Crítica: Sargaço (dir. Yuri Melo)

Texto: Céuva. Revisão: Tati Magalhães

Ela está prestes a morrer, mas o cinema não

O amor é um construto que ceifa a ignorância de não atentar a dor do outro, assim se faz Sargaço, na beira de um mar, sem qualquer esperança à praia. Dona Ziê mostra em poucas cenas tramas de preocupação que dão o tom que a montagem pouco entrega. Com uma narrativa que se ancora em um roteiro mal trabalhado, o filme atenua construções de perda, dor e desistência. São poucas camadas em uma história densa que tornam o enredo interessante, na margem de uma atuação que também poderia ter sido melhor orquestrada. Acredito que todos entendam a complexidade que mora por trás de um câncer, mas até que ponto devemos nos preocupar junto às personagens, se ante tudo o que o filme nos mostra, não fica claro que se está à beira da morte? Porém, ela vai morrer.

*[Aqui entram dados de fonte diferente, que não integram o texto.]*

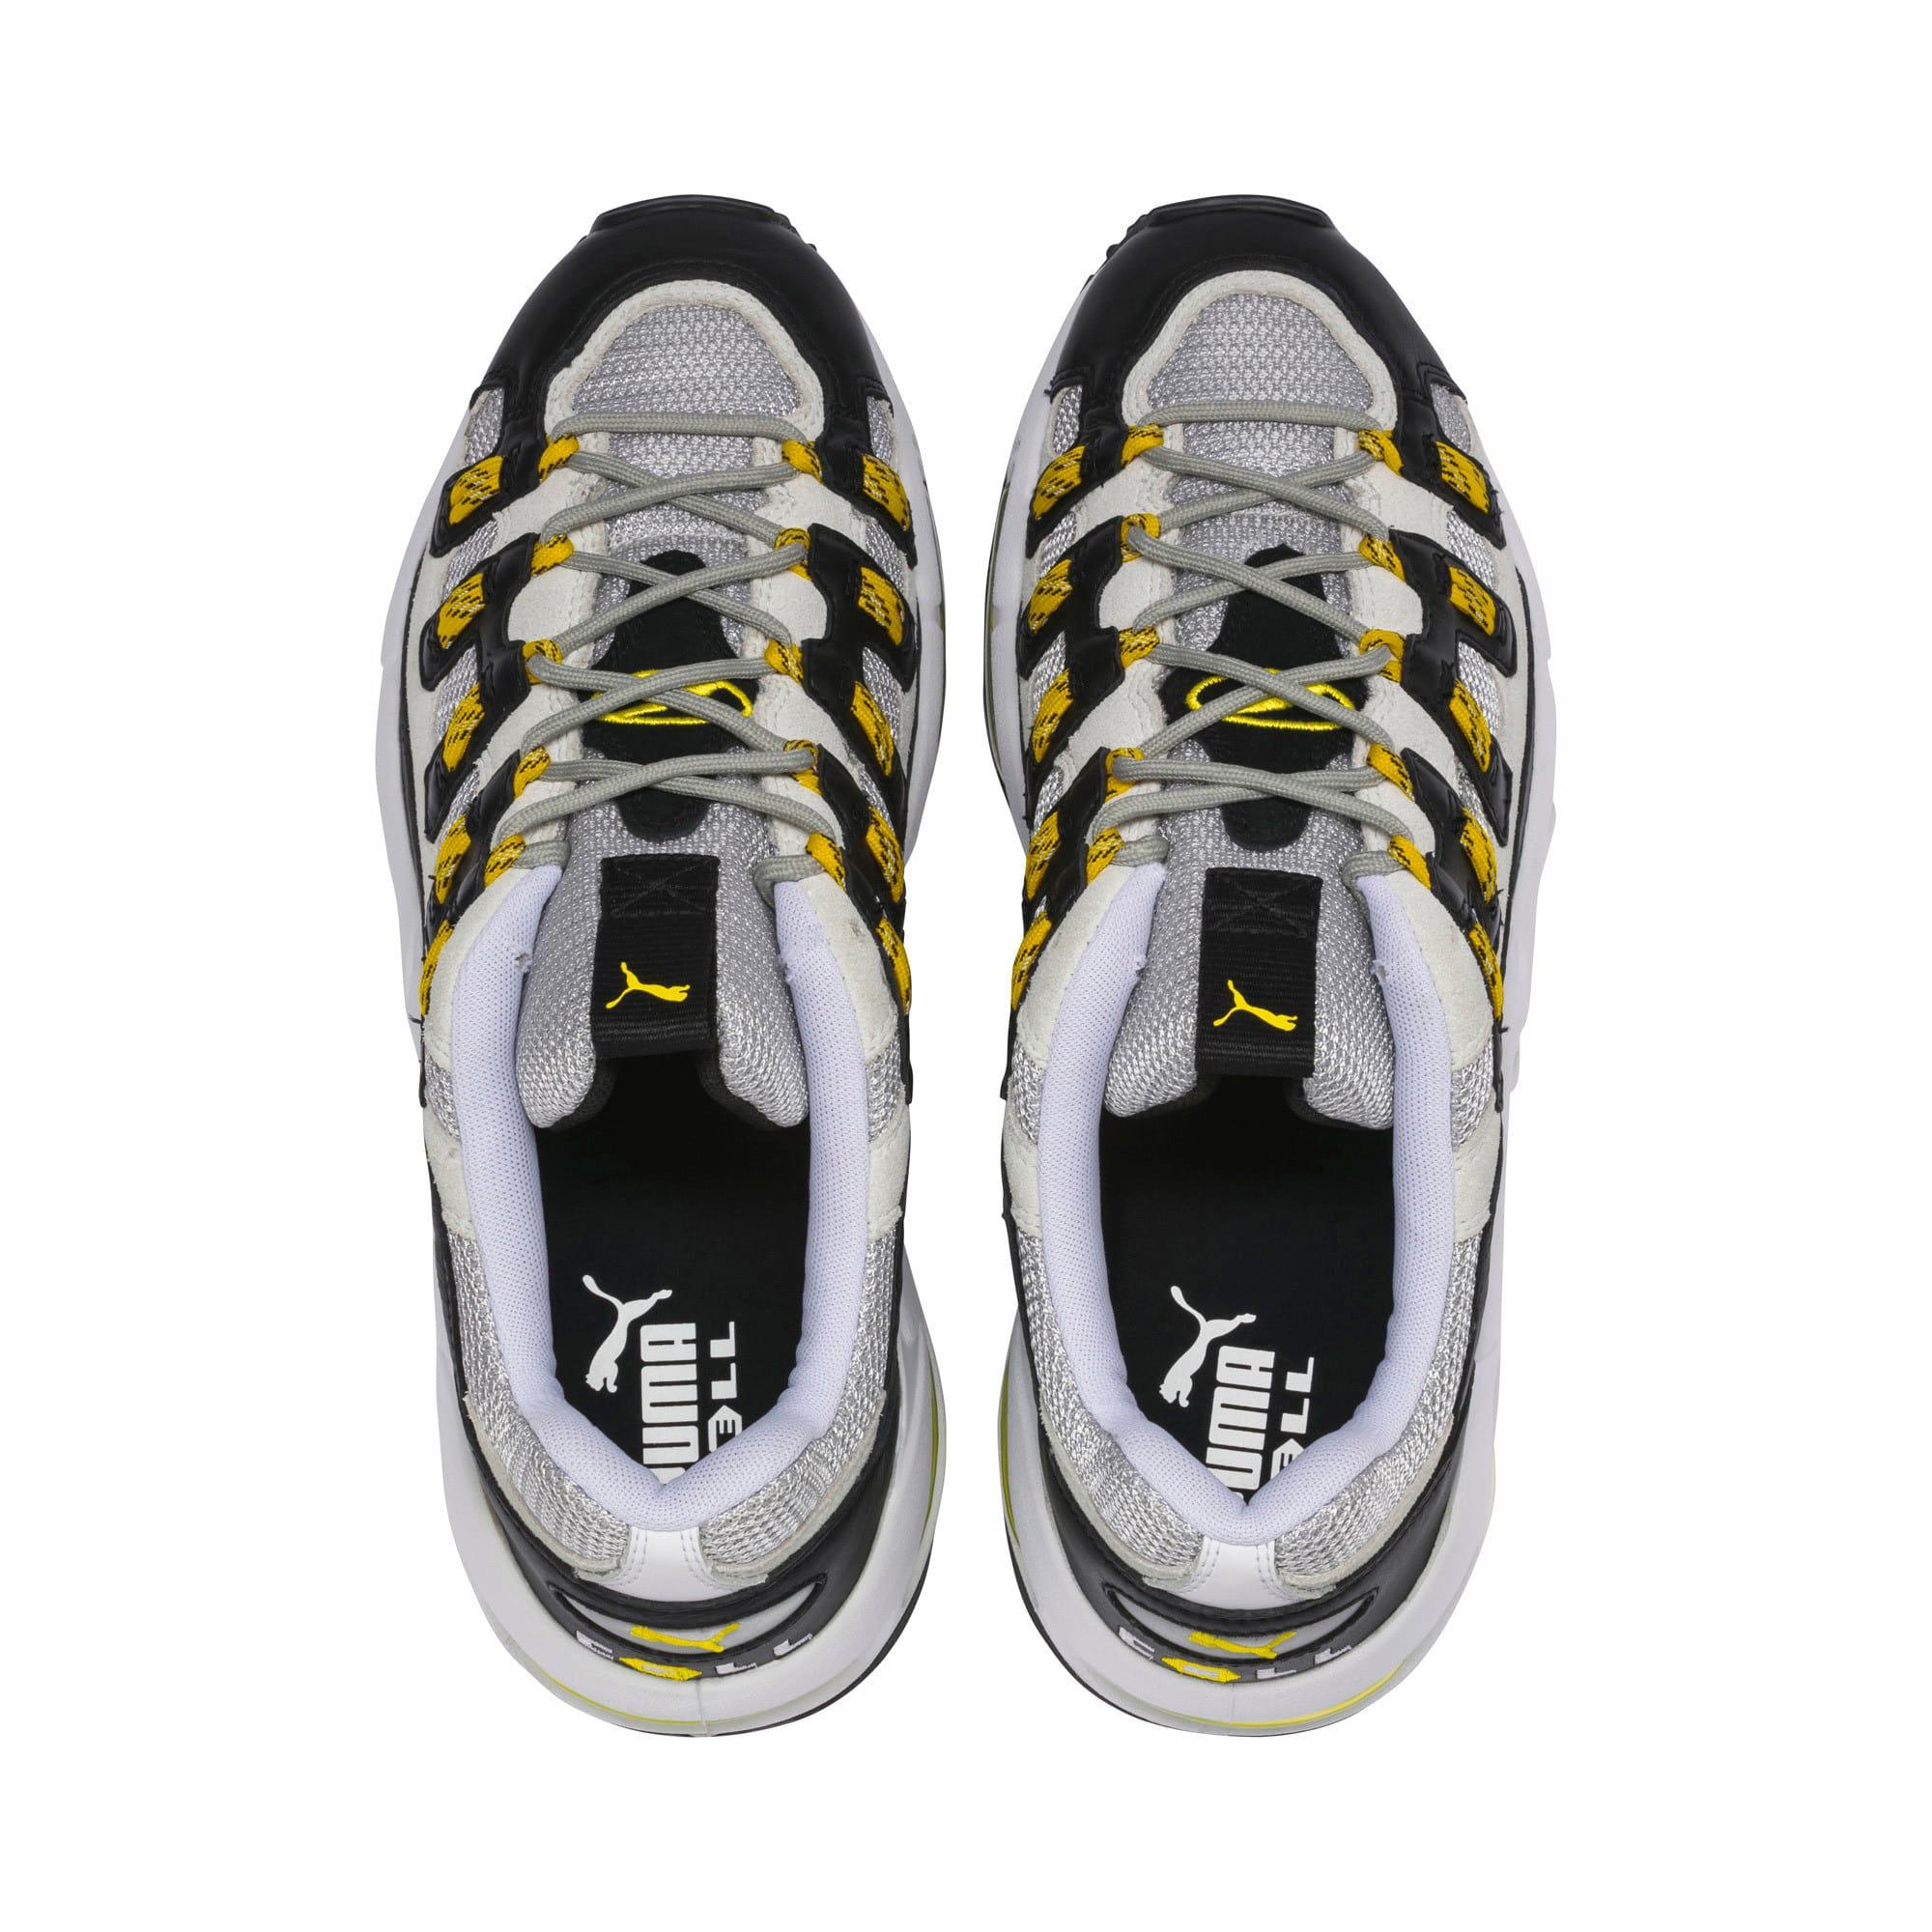 Thumbnail 6 of Cell Endura Trainers, Puma White-Blazing Yellow, medium-IND

Fica a cargo do espectador desvendar algumas informações que a direção deixou passar, seja nos diálogos ou na decupagem. A abertura deixada na narrativa causa uma ruptura na sensação do filme, quando as decisões que foram tomadas não ficaram claras no produto. É importante lembrar que o filme se lança a expressar uma paixão direta frente à premissa, o debate das escolhas feitas se estende aqui, restando o suspiro de um fim amarrado, mas em muitos momentos, a dúvida, infelizmente, fica.

Bia já se deixou levar pela morte, e por mais que ame seu companheiro, não há mais o que possa ser feito além de aceitar o destino e se entregar ao mar. Mas ela realmente se entregou ao mar, ou espera por Léo na beira da praia?
À primeira vista, o filme defendido pelo diretor é interessante, com imagens bem feitas, alguns ruídos que distraem a atenção, uma montagem que é usada de forma inteligente pontualmente, além de um roteiro e um nome que instigam uma promessa, mas que deixou a desejar.

Sargaço deixa o espectador em crise, em uma condução narrativa agradável e sentidos dispersos, pois Léo rouba a cena frente a dor de sua amada. O carro estaciona, na espera Bia interpela. Enquanto ouve calada a última fala de Léo.

É sobre os dois? Ou sobre ela e o câncer? Mas seria tão genérica assim a noção que construímos sobre o filme?
Muitos pontos tendem para um debate profundo sobre um cinema que estamos habituados a assistir. Sargaço é um componente importante na curadoria da 14ª Mostra Sururu, pois vai de encontro a uma maré densa, apesar de entregar pouco, salienta com muita iminência a perspectiva de mais portas sendo abertas para artistas independentes e descentralizados do antro cinematográfico alagoano.

Compondo uma atitude ascendente no cenário atual, esperamos cada vez mais que novas experiências audiovisuais cheguem aos olhos do público e resistam à estrutura canônica do cinema local. Precisamos ampliar o discurso da democratização do cinema, já que a pauta existe fruto da concentração dos acessos que acarreta a poda de artistas subalternizados.

Sargaço então, traçando uma trajetória importante para as produções alagoanas, deixa sua marca como primeiro filme de Yuri Melo. E constrói junto a outros artistas na Mostra a lança de resistência, esperança e espaço de que precisamos para sobreviver em um país que estende um débito com a cultura, e que cada vez mais excluí produções da margem. Ainda há muito a ser aprendido, mas a iniciativa, por isso, tem o seu prestígio.